Yazacağım yazacağım; Hadise- Eurovision, hayatımın bitmek tükenmek bilmeyen son dakika gelişmeleri derken bir türlü sıra gelmedi. Berlin dönüşü uçaktayım... Her zamanki gibi koridor tarafına konuşlanmışım. Önce müsaadenizle, engin gözlemlerime göre şöyle bir yorum yumurtlayacağım; uçakta ille cam kenarında oturanlar uykucu, rahatlarına düşkün, mümkünse hostesle bile iletişime girmek istemeyenler. Koridorcular, benim gibi hiperaktifler, ona buna dadanmaya meyilli, sıkıntıya gelemeyen tipler. Ortadakilerse kesinlikle 'talihsizler'dir. Çünkü kimse ortada oturmak istemez. Tabii Berlin'den İstanbul'a dönerken yanımda oturan abla dışında.
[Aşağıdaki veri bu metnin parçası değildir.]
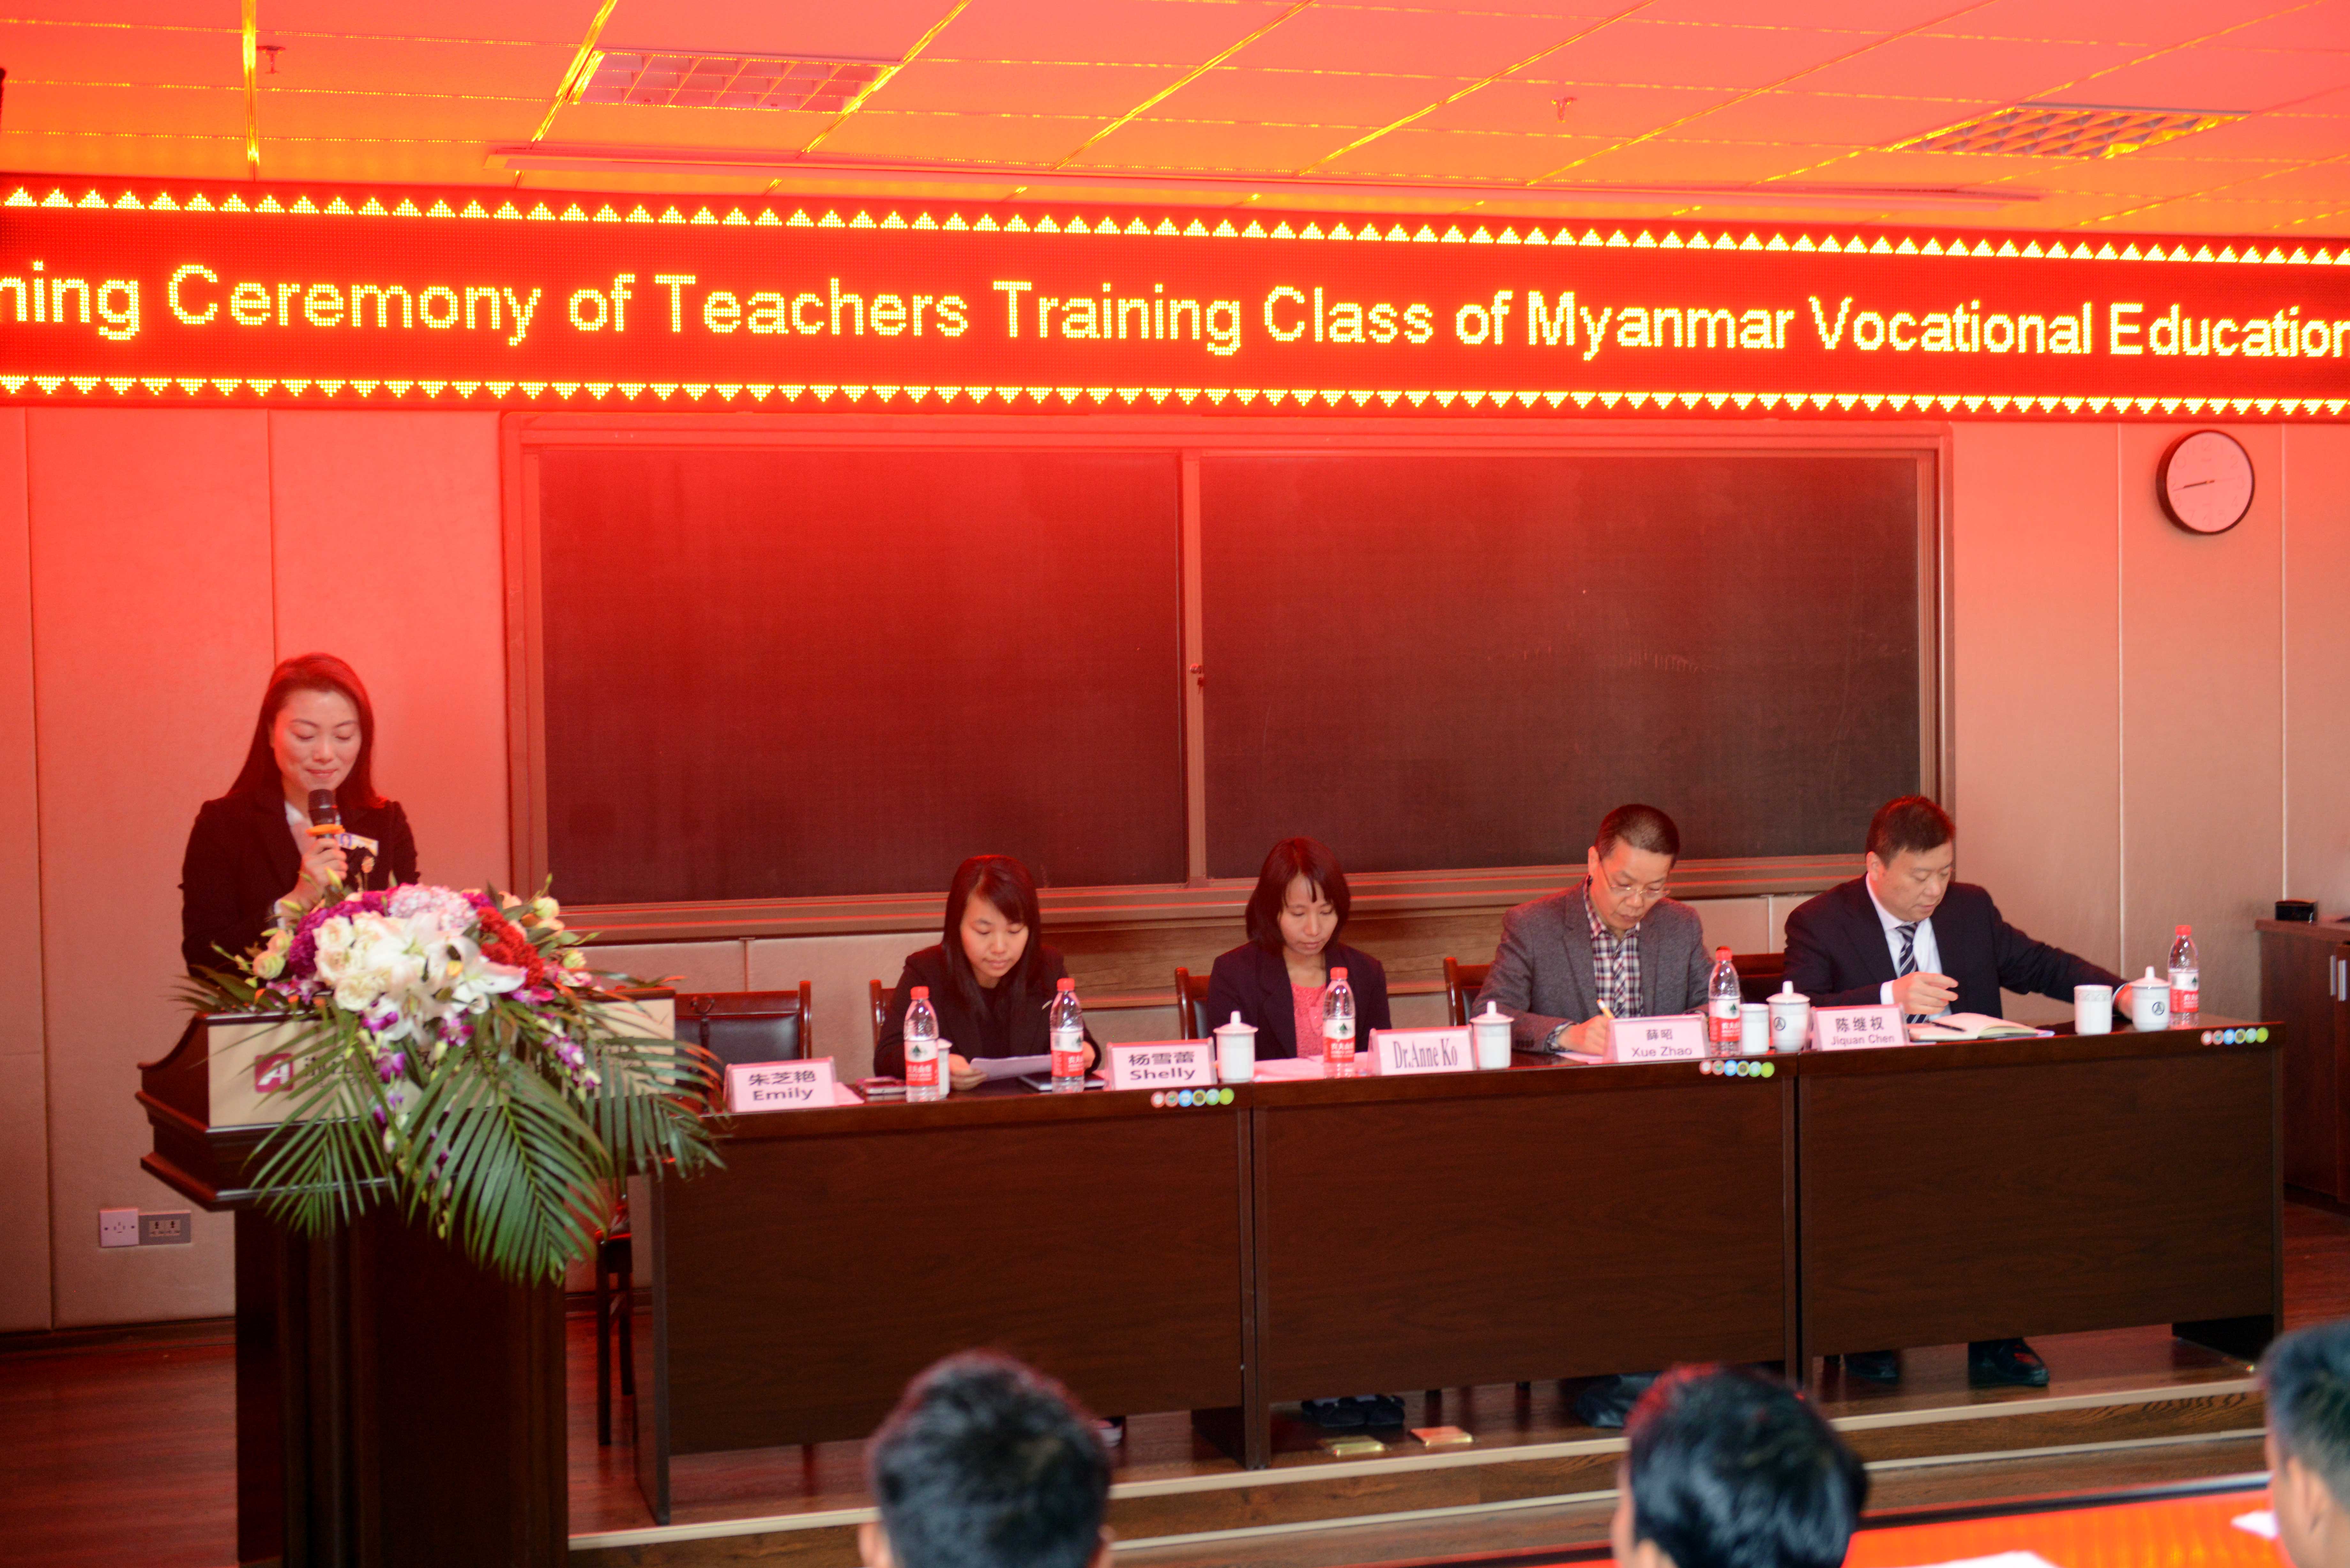 缅甸教育部选派20名职业院校老师来亚龙学习培训1个月

"YAKACIK'A NASIL GİDERİM?"
Abla ısrar kıyamet yanımdaki koltuğu istiyor. Sebep? Cam kenarında oturan abi, Berlin'de komşusu. İki laf edecekler. Abla başörtülü, güleryüzlü, aslen Karadenizli ve çok meraklı. Dakika bir, kolumu dirseğiyle ittirerek soruyor. "Kontrolde senin çizmelerini çıkarttılar mı?" Çizme mi? Kendimden şüphe edip ayaklarıma bakıyorum, "Ben çizme giymedim ki?" Ablanın frekans başkaymış meğer "Önümdeki kızda vardı, çıkarttılar hihihihih..." Abla gülmeden duramıyor. Sırıtıp uyku numarasına yatıyorum. Beş dakika sonra dürtüyor. "Oy benim güzel kızım, İstanbul'a inince Yakacık'a nasıl gidecem? Aha beş TL param var." "Havaş'ın Ümraniye'ye gidenine binin." "Oyy binemem, Kadıköy'e gidecem ben." Benimle kafa mı buluyor acaba? "Ama Ümraniye daha yakın..." "Olsun ben Kadıköy'den biliyorum, oradan gidecem." "E git abla, madem kararı verdin beni niye yoruyorsun?" Hafif sinirleniyorum tabii... O sırada hostes 'Domuz Gribi' formlarını dağıtıyor. İsim, adres, pasaport bilgilerini dolduracak, ateşin var mı, öksürüyor musun yazacaksın. Abla panik tabii. Diyor; "Yardım et kızııım." Pasaportunu istiyorum, doldurmaya başlıyorum. İsim, soyadı falan derken sıra adrese geliyor. "Abla adresi ver." "Geç geç onu boş geç!" "Geçemem abla, form dolduruyoruz..." Zorla adresi veriyor. "Ateş, öksürük var mı abla?" "Allah korusun yavruuum, evden uzak kuzuuum..."
DOMUZ GRİBİNE KARŞI DUA
Form işimiz bitiyor, Allah'ın izniyle beş dakika kafamı dinlerim derken... Yanımdan sesler geliyor. "Abla napıyorsunuz?" "Hasan Bey'le birbirimize dua okuyoruz yavruuum..." "Allah kabul etsin de ne duası?" "Nazar için yavruuum, başımıza ağrı girdi de, Domuz gribine yakalanmayalım diye çocuuum..." "Abla gripten seni dua mı koruyacak?" "Korur kuzuuum, dur sana da okuyup üfleyelim..." Beni de okuyor üflüyor, bizim abla her şeyi duayla çözüyor. Belki de haklıdır, ne dersiniz; buralarda bütün işimiz duaya kalmadı mı? Oku ablam kim tutar seni.